Пока я думал, я как-то автоматически запустил на компьютере программу-калькулятор. Но поначалу калькулятор не потребовался: 11 х 9 = 99; я сразу же вздохнул с облегчением, проклятая девятка кончилась; и все таки это выглядело как-то неубедительно — не одна, так две. 12 х 9 = 108; я выругался и стал нажимать кнопки все более лихорадочно. 13 x 9 = 117; 14 х 9 = 126; 15 x 9 = 135; 16 х 9 = 144; 17 х 9 = 153; 18 х 9 = 162; 19 х 9 = 171; 20 х 9 = 180. Это уже переходило все границы приличия. И вдруг я вспомнил, что автор статьи про каббалу писал только о «цифрах», явно имея в виду числа от единицы до девяти. Неужели я настолько поверил в его бредовую идею, что мне стало мерещиться именно то, во что я поверил. А как же тогда компьютер; неужели и он мне мерещится. Или это все-таки психическая болезнь; или я просто сплю, подумал я с надеждой, как обычно думали герои читанных мною в детстве и юности романов. 21 х 9 = 189. Это уже лучше; но снова как-то неубедительно; опять эти проклятые две девятки. 22 х 9 = 198; 23 х 9 = 207. Снова девять; все вернулось на круги своя. 24 х 9 = 216; 25 х 9 = 225; 26 х 9 = 234. Из математических соображений было ясно, что дальше считать бесполезно, потому что так оно и будет повторяться. Но я все-таки решил попробовать и взял несколько чисел наугад. 37 х 9 = 333; 34 х 9 = 306; 41 х 9 = 369; 47 х 9 = 423. «Ладно, — сказал я себе, — на все нужно смотреть рационально. Но почему тогда я никогда про это не слышал? Хотя все равно наваждение; попробую дальше. 64 х 9 = 576. Наконец-то! — хотелось мне закричать от радости; наваждение кончилось». И тут я сообразил, что эти числа в сумме дают восемнадцать, т. е. девять в сумме; смысл двух девяток стал неожиданно ясен; здесь не было никакого удвоения, никакой натяжки; они тоже дают в сумме восемнадцать, т. е. девять. Но, может быть, это случайность. 92 х 9 = 828; 76 х 9 = 684; 53 х 9 = 477. Дальше пробовать не имело смысла.
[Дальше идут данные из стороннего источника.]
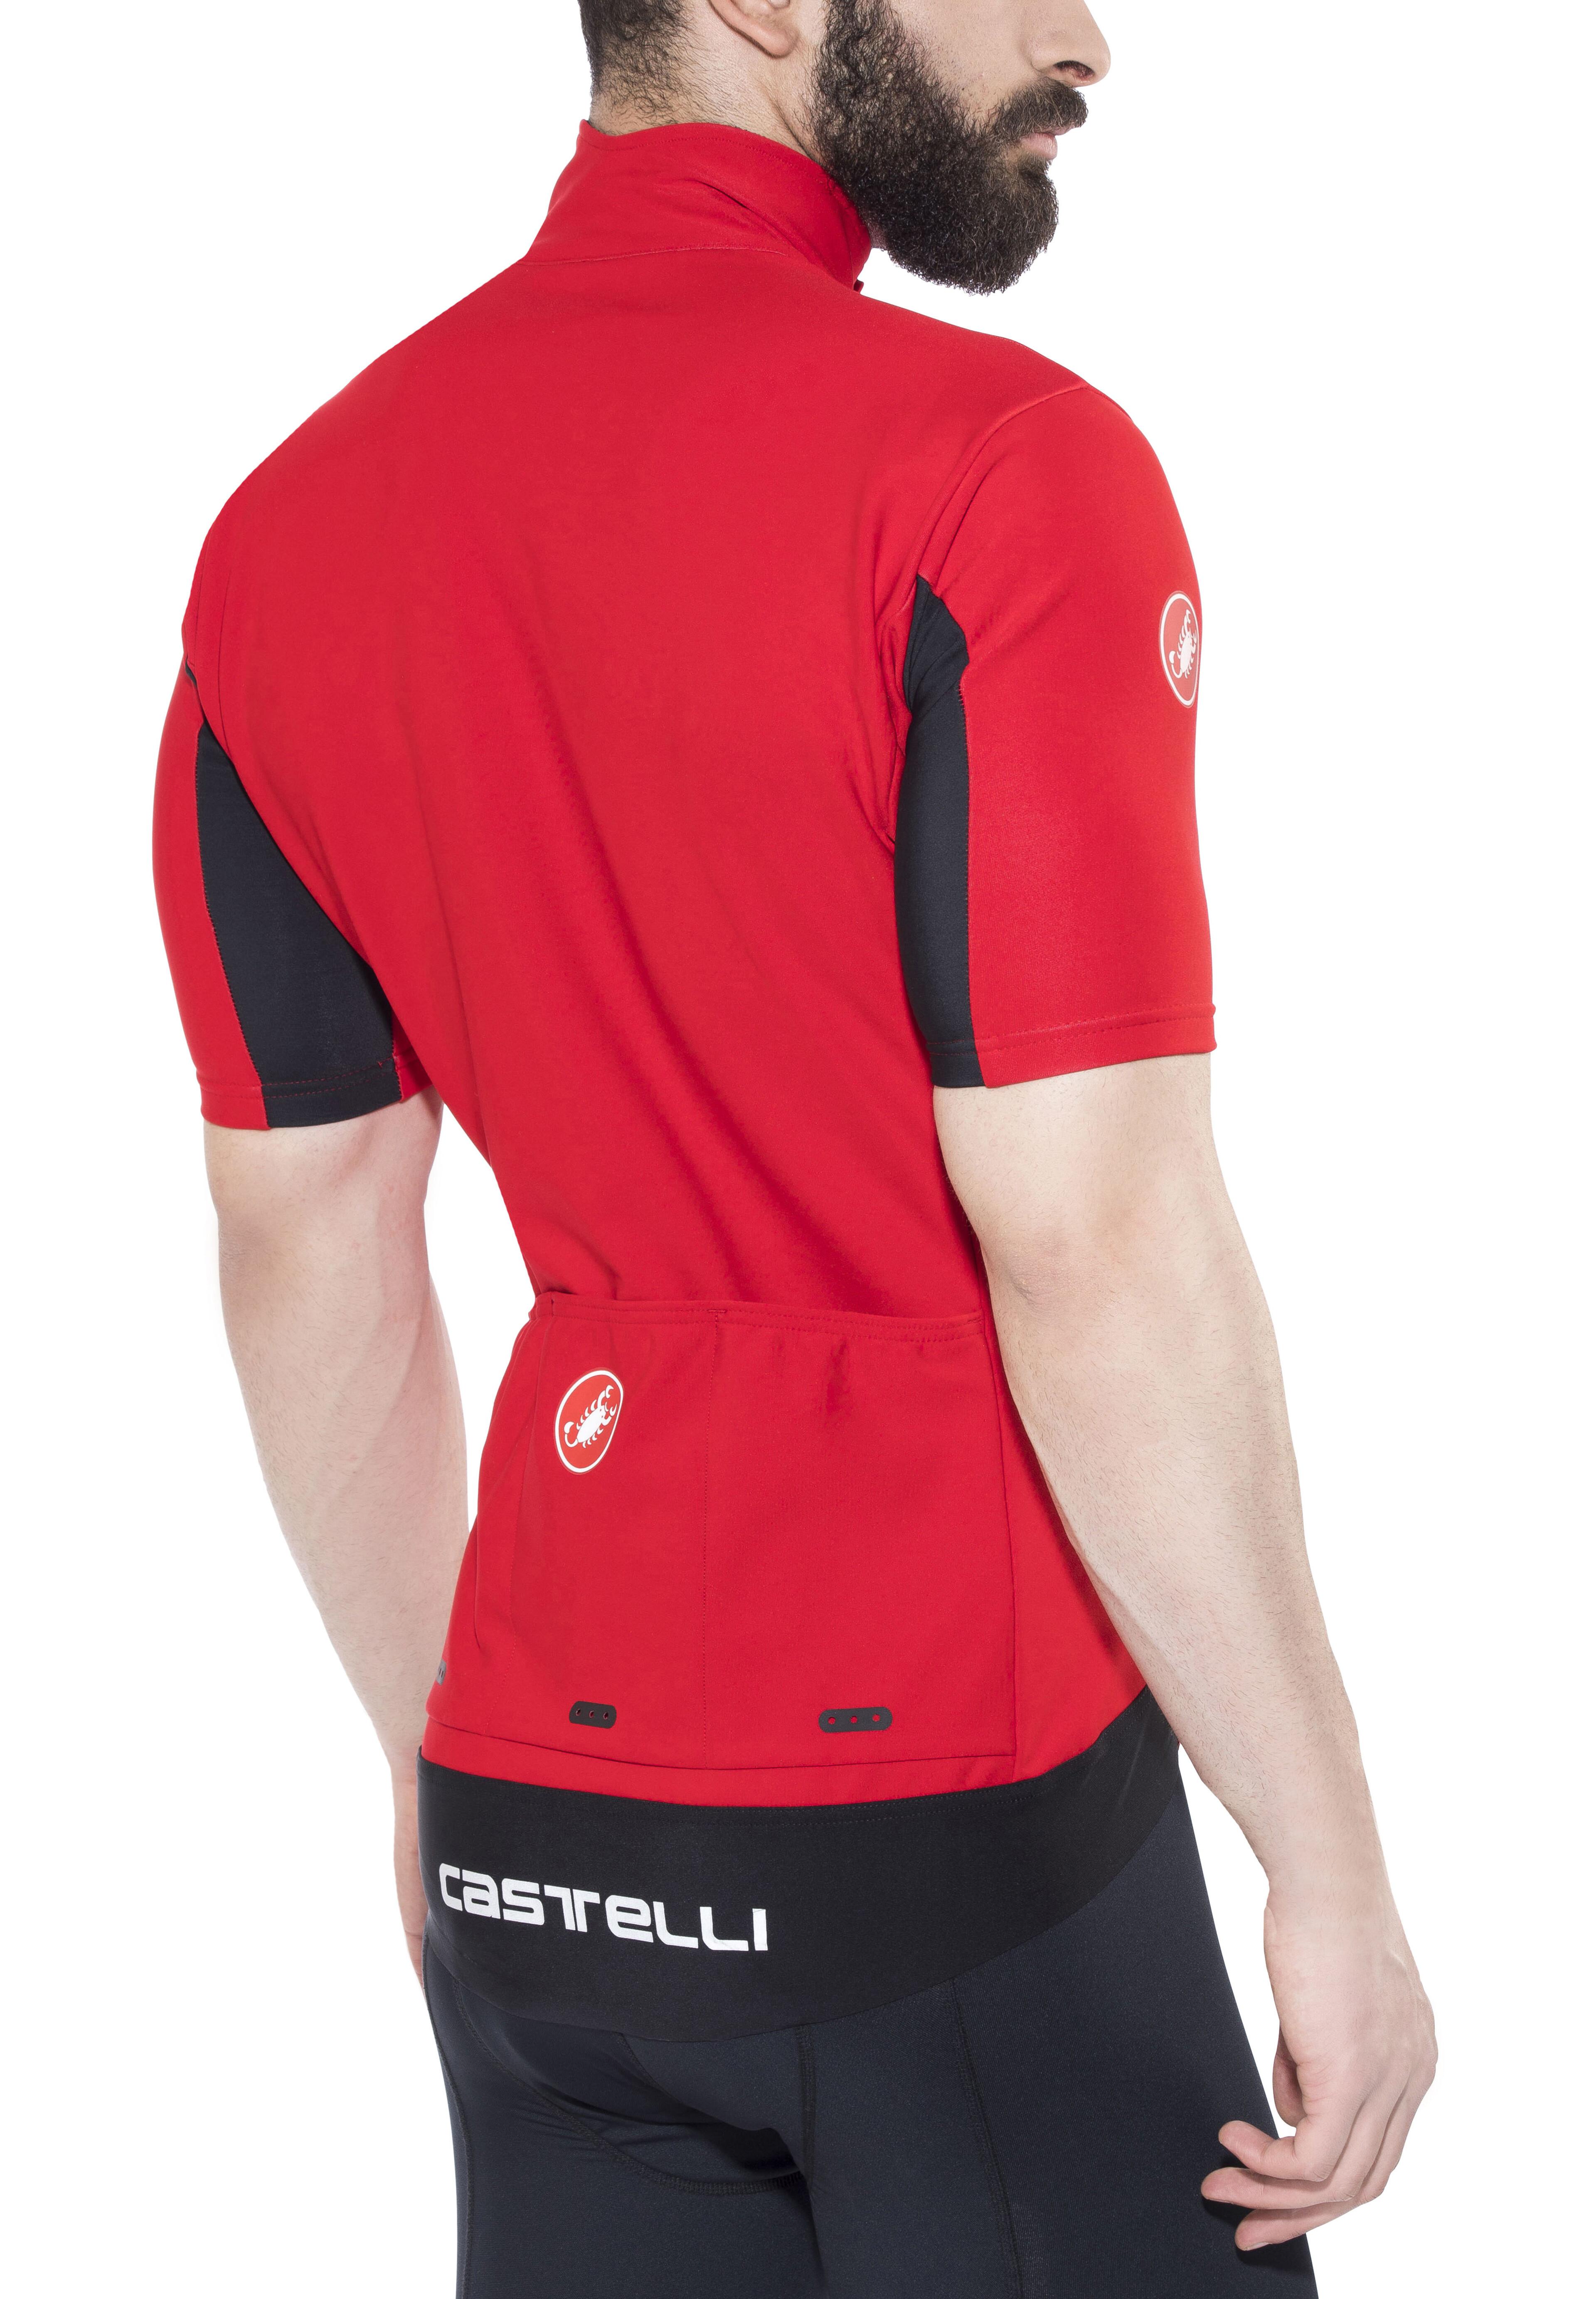 Castelli Gabba 3 Bike Jersey Shortsleeve Men red at Bikester.co.uk b69cda2ae
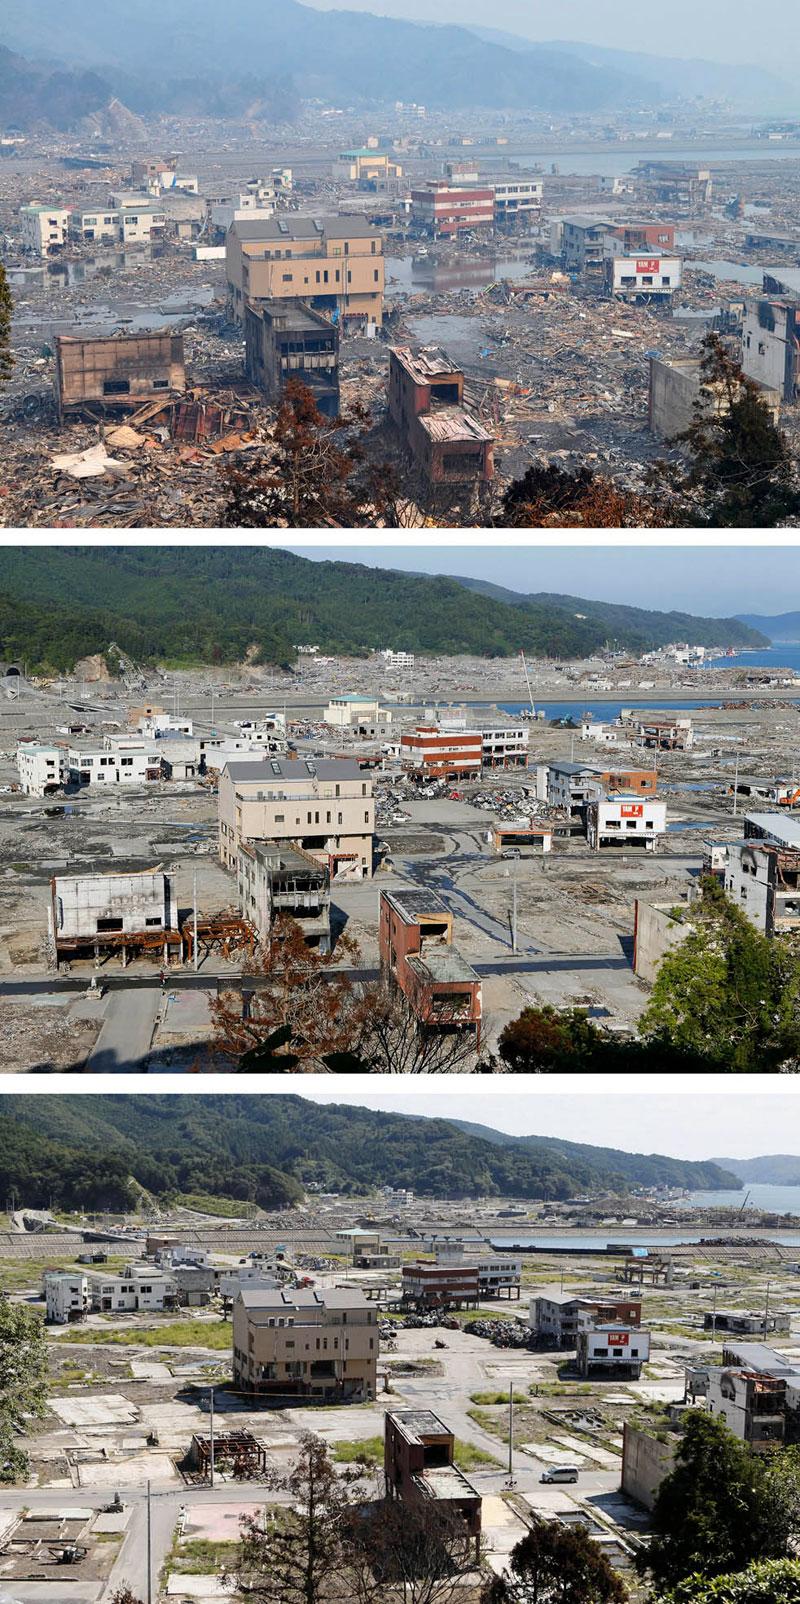 http://www.coucoucircus.org/divers/japon/japon-seisme-08.jpg

«Неужели я все-таки действительно болен, — говорил я себе, — и все это галлюцинации». Не надо было постольку сидеть на работе; но, с другой стороны, нашему ребенку были нужны деньги. Анюта была права, что он не может и не должен расти в таком сарае. И вдруг я остановился. «Ну да, — сказал я себе так, как будто неожиданно переключили внутренний рубильник, — признак делимости на девять». У всего этого было простое, чудовищно тривиальное математическое объяснение, не имеющее никакого отношения ни к каким «сфирот», но все это время — и в этом-то и было все дело — оно как-то ускользало от меня. Это была бы хорошая задачка для школьной олимпиады класса шестого; сознание наполнилось ясностью и чувством унижения. Должно было быть, уточнил я, если, разумеется, мне все это не казалось. Меня начало мутить. Чтобы отвлечься, я снова вернулся в интернет, и вместо того, чтобы менять параметры поиска, выбрал случайную группу ссылок, из тех что были выданы предыдущим неудачным поиском, и вошел по случайной ссылке. Здесь оказались рисунки шизофреников, подобные которым я, впрочем, видел и раньше: странные, часто очень талантливые. Но на этот раз к ним прилагались портреты авторов; чудовищные, искаженные безумием и страданием лица. Судя по датам жизни, многие из них были уже мертвы. Я вышел из Интернета и выключил компьютер; неожиданно обнаружил, что начало темнеть. И тут я вспомнил, что забыл позвонить Ане и спросить, что купить по дороге; стал оглядываться в поисках мобильника, который оказался на столе в соседней комнате. На нем было четыре звонка без ответа и ни одного сообщения. Я набрал наш номер.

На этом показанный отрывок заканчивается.